29. 29. A process for the manufacture of a fixed dosage form, comprising an inhibitor of H +, K + -ATPase and one or more gastric antisecretory prostaglandin analogs in a multi-unit tablet dosage form, characterized in that the inhibitor of the H +, K + - ATPase is prepared in the form of enteric coated pellets and these pellets are mixed with the pellets comprising the gastric antisecretory prostaglandin analog, and optionally the pharmaceutically acceptable excipients, then the mixture is compressed into multiple unit tablets without causing any significant change in the acid resistance of stratified pellets.
30. 30. A process for the manufacture of a fixed dosage form, comprising an inhibitor of H +, K + -ATPase and one or more gastric antisecretory prostaglandin analogs in a multi-unit tablet dosage form, characterized in that the inhibitor of the H +, K + -ATPase is prepared in the form of enteric coated pellets and the gastric antisecretory prostaglandin analog is prepared in the form of coated pellets, wherein the coating layer is an extended release layer, the pellets are mixed , optionally with the pharmaceutically acceptable excipients of tablets, and compressed into tablets without causing any significant change in the acid resistance of the enriched, layered, pelletized pellets.
31. 31. The use of a dosage form according to any of claims 1-27, in the manufacture of a medicament for the treatment or prophylaxis of gastrointestinal diseases.

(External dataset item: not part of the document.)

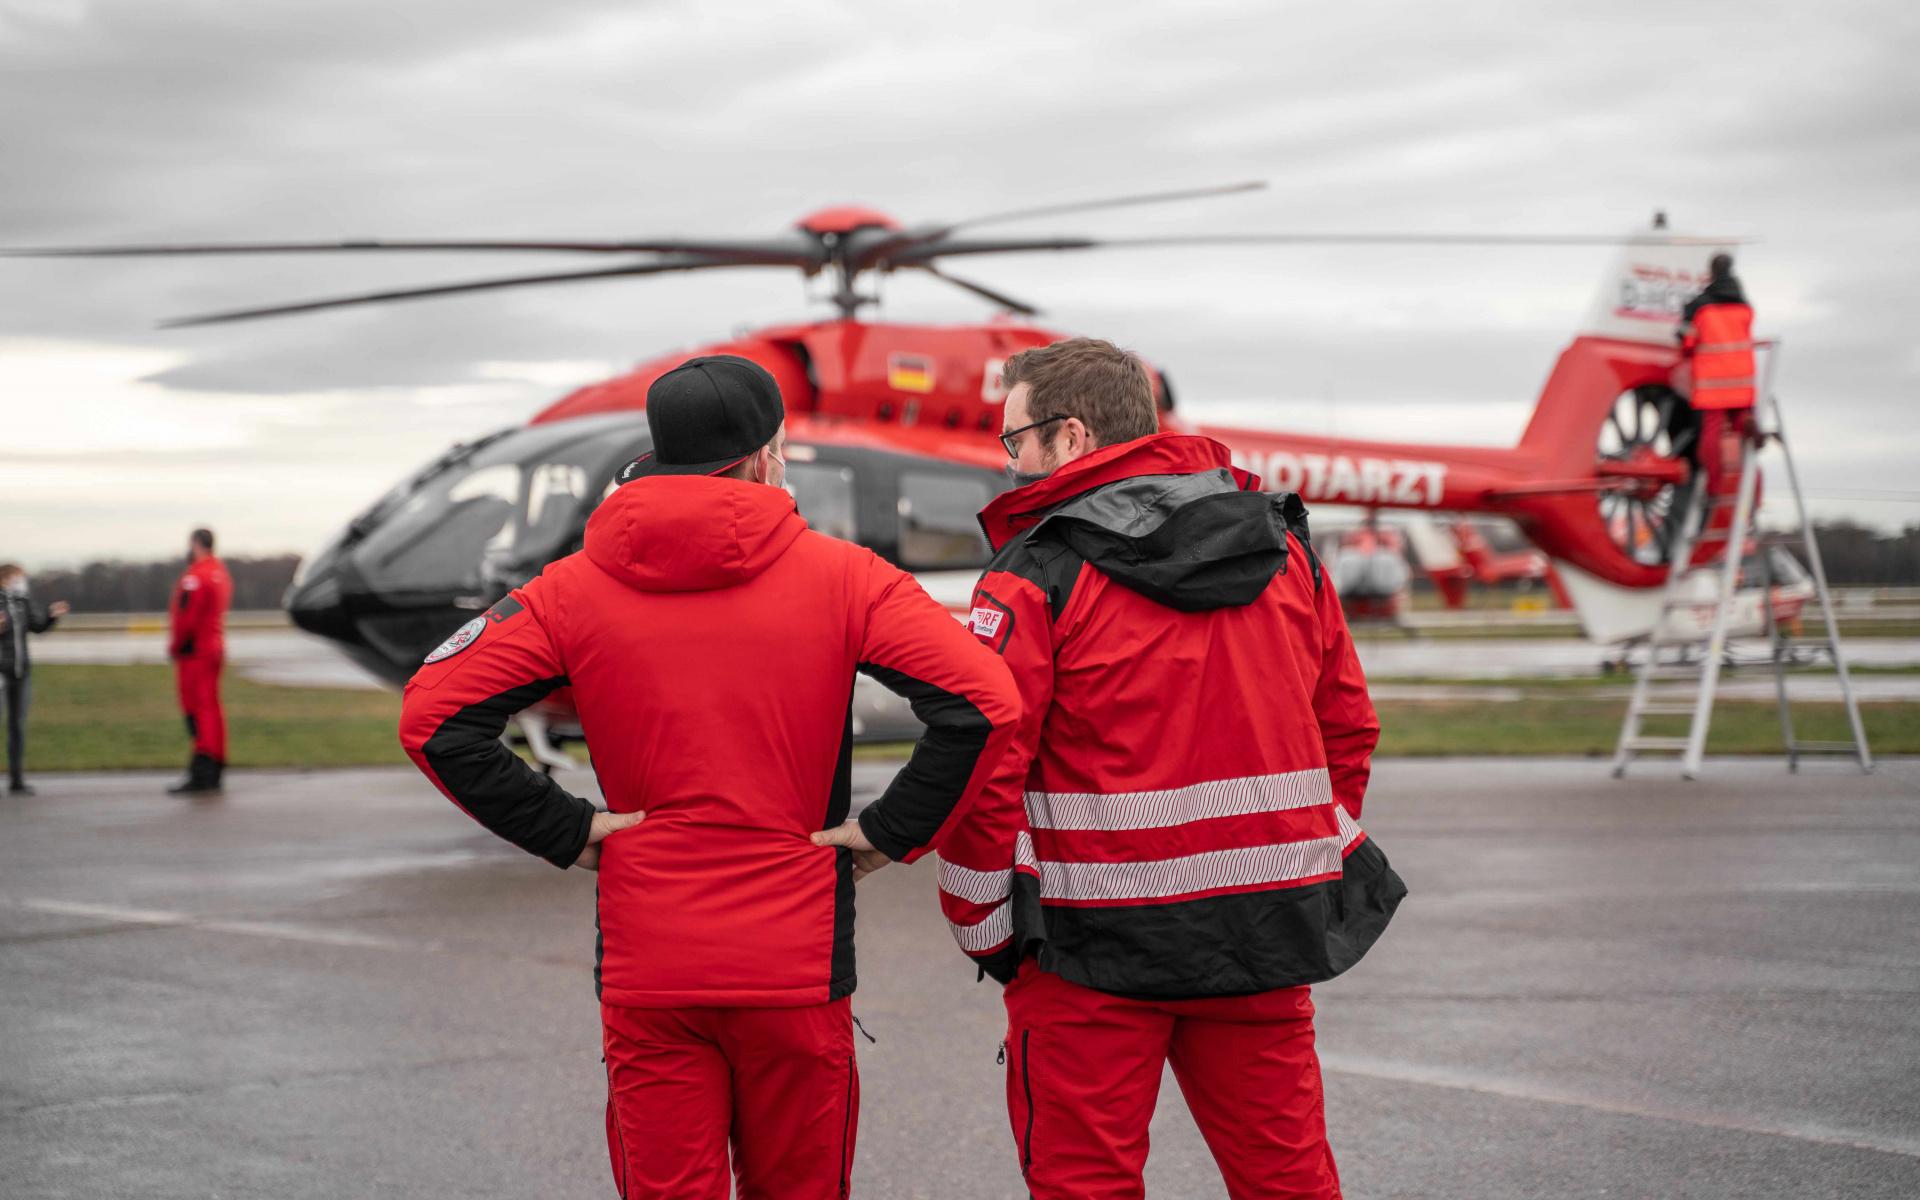 ... wurde der Hubschrauber mit Begeisterung von den Mitarbeiter*innen der DRF Luftrettung erwartet.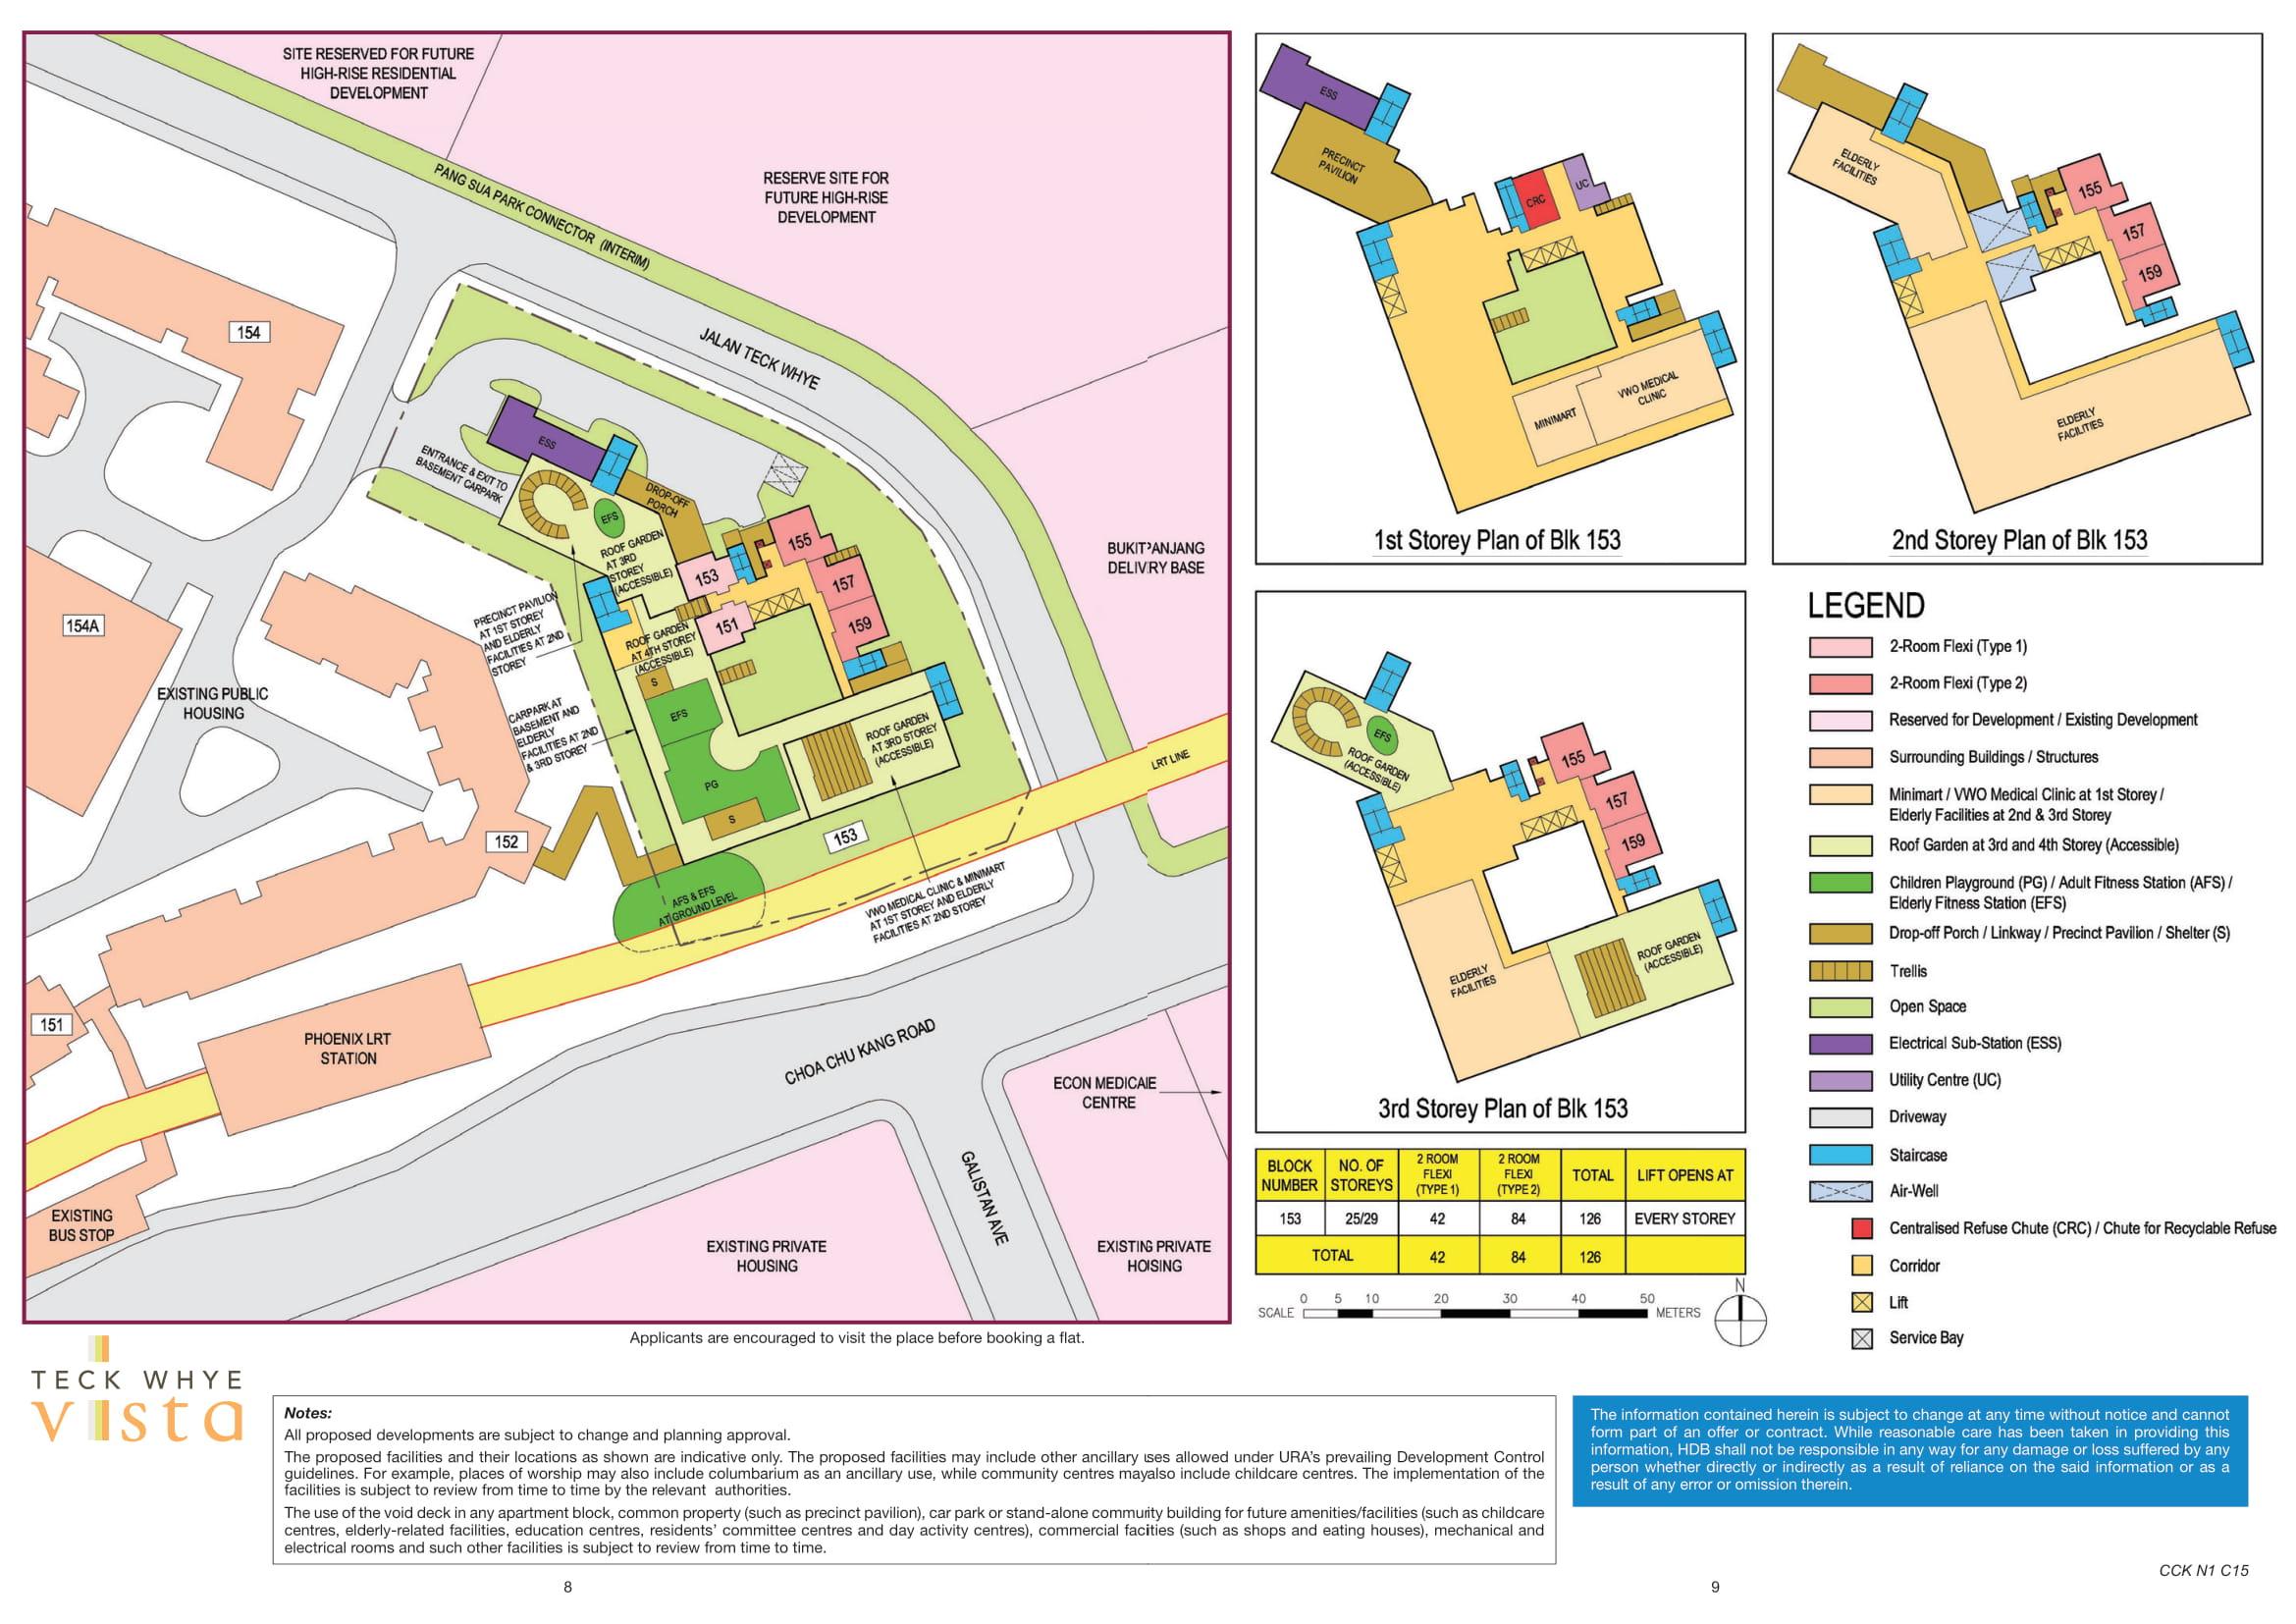 Teck Whye Vista Site Plan

32. 32. The use of a dosage form according to any of claims 1-27 in the manufacture of a medicament to avoid collateral gastrointestinal effects, usually associated with treatment with a secretory gastric prostaglandin analogue.
33. 33. A combination of an H + inhibitor, K + -ATPase, a gastric antisecretory prostaglandin analogue and a calcium channel blocking agent, in the treatment of gastrointestinal diseases.
34. 34. A bubble pack, characterized in that, I understood, an inhibitor drug of H +, K + -ATPase and an analogous drug of gastric antisecretory prostaglandin.
35. 35. A bubble pack according to claim 34, characterized in that it comprises an additional medicament, which is a calcium channel blocking agent. NEW PHARMACEUTICAL FORMULATION SUMMARY OF THE INVENTION This invention relates to new oral pharmaceutical dosage forms comprising a proton pump inhibitor, for example an inhibitor H +, K + -ATPase, an analogous compound of the gastric anti-secretory prostaglandin, and optionally a drug additional agent such as the calcium channel blocking agent, especially for its use in the treatment of the prophylaxis of gastrointestinal disorders. More specifically the invention relates to new dosage forms comprising omeprazole and misoprostol. The invention also relates to a combination of three drug categories, for example, the H + inhibitor, K + -ATPase, the gastric anti-secretory prostaglandin analogue, and the calcium channel blocking agent. Furthermore, the invention relates to a method for the manufacture of the dosage forms described and their uses in medicine, as well as to the packages of bubbles or ampoules comprising these medicaments.